Dear Tom Challenger,
Thank you for your informative article on distributed electric grids and how machine learning is benefitting Enel
I would like to address the final sections of your article: the changing utility business model and building on progress. You did not mention the role which Enel plays in electricity markets – is it an electricity wholesaler, retailer, transmitter, equipment manufacturer, trader or grid controller? Each of these roles has a different application for machine learning, and its ability to use and collect big data. For example, grid controllers (managing and controlling the market for trading electricity, for the benefit of consumers) are in a position to collect data on production, consumption and the impact of price on the market, and make decisions that benefit consumers.
However, certain agents could apply machine learning to game electricity markets for their benefit. To be able to transmit noticeable amounts of power between small distributed grids require upgraded infrastructure, that is mostly not in place currently. This gives distributors and producers incentives to manipulate their equipment (for example: deciding when to carry out maintenance) and influence the local electricity market. Machine learning will make this easier and smarter. Instead of democratising energy, we could be giving corporations the power to increase our electricity prices when we most need it.
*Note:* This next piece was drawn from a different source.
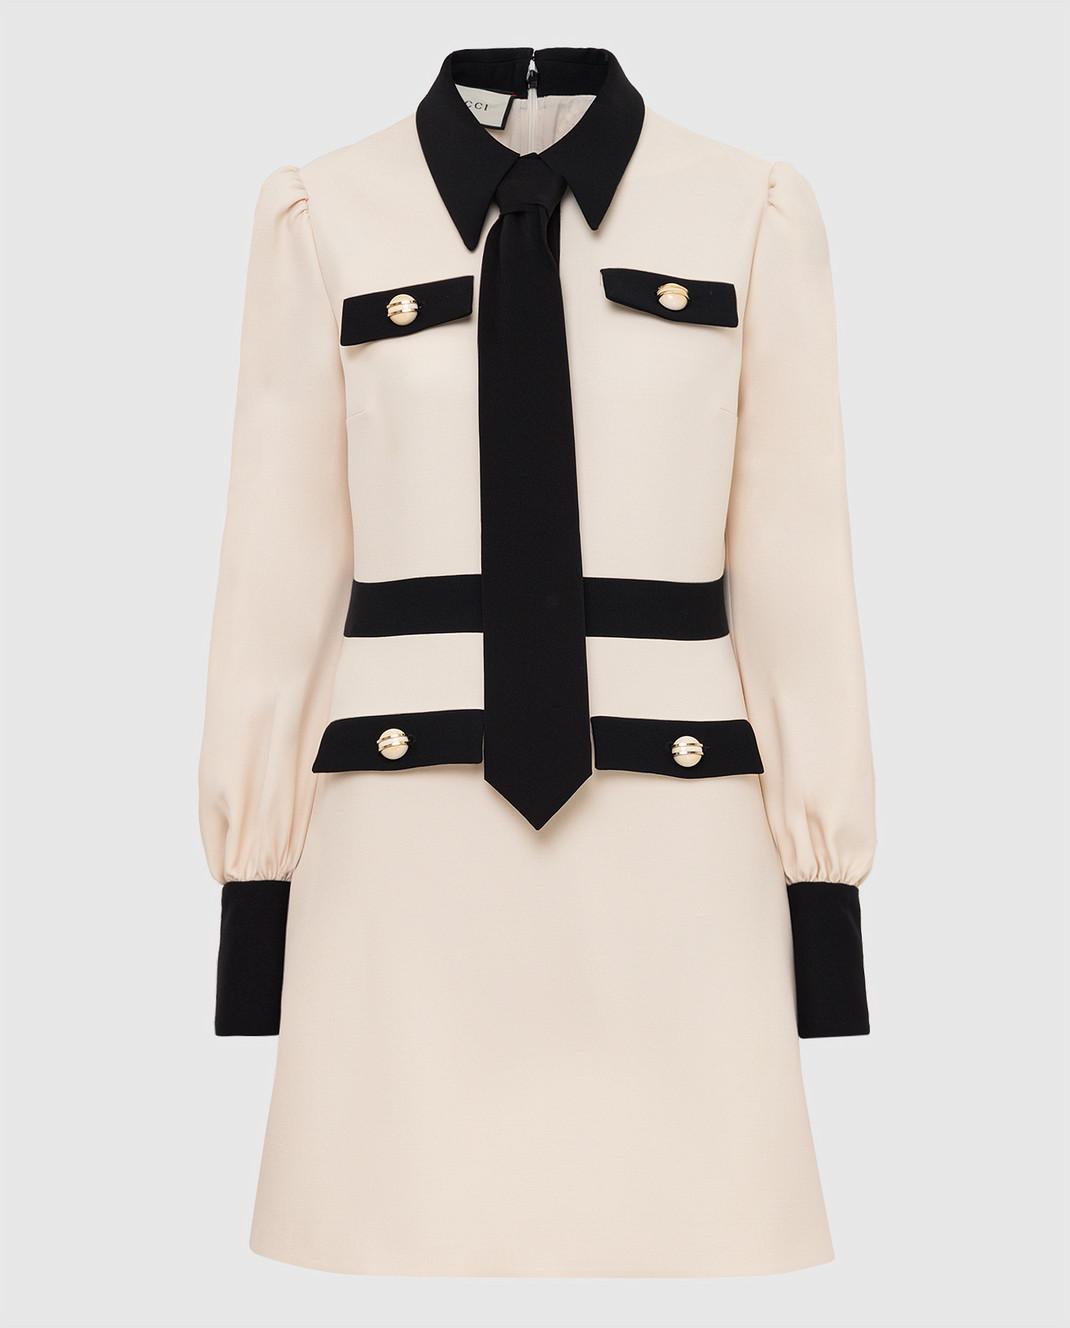 Gucci Светло-бежевое платье 595257

How will regulators and respond to this threat?
Thank you for the informative article on NASA’s open innovation process – very interesting!
You mentioned that open innovation allows NASA to do 3 things: “learn about new technologies, crowdsource novel ideas, and tap into high skilled individuals”. Yet the example that you provided used “astronomers and space enthusiasts” to look at 100,000 images. Are astronomers and space enthusiasts really high skilled? I disagree that it is achieving any of the 3 aims stated earlier. Instead, it is outsourcing cheap repetitive work that saves some money, but isn’t creating a step change for NASA.
I think that open innovation can achieve these 3 aims by focusing on two areas of innovation: incremental and revolutionary change. Small scale issues – for example optimising a pump’s performance, designing a light weight gyroscope, overcoming a heating issues – requires innovative thinking from highly skilled people. (Speaking from experience of these tricky issues) often the more of them who see it, the better ideas you get. NASA’s budget limits the number of specialists it can employ. But why not create a network of technical specialists across the US (or, security permitting, other countries) who can view some of these issues, suggest ideas, and the winners get a small prize (it could be non-monetary)? My previous company did this to great effect.
For larger scale innovation – for example designing a new spacecraft architecture – requires thinking from multi-disciplinary groups. How can NASA best do this? Perhaps allowing teams to compete against each other, not just from schools/universities? Or maybe combining specialists from across the US in teams competing against each other?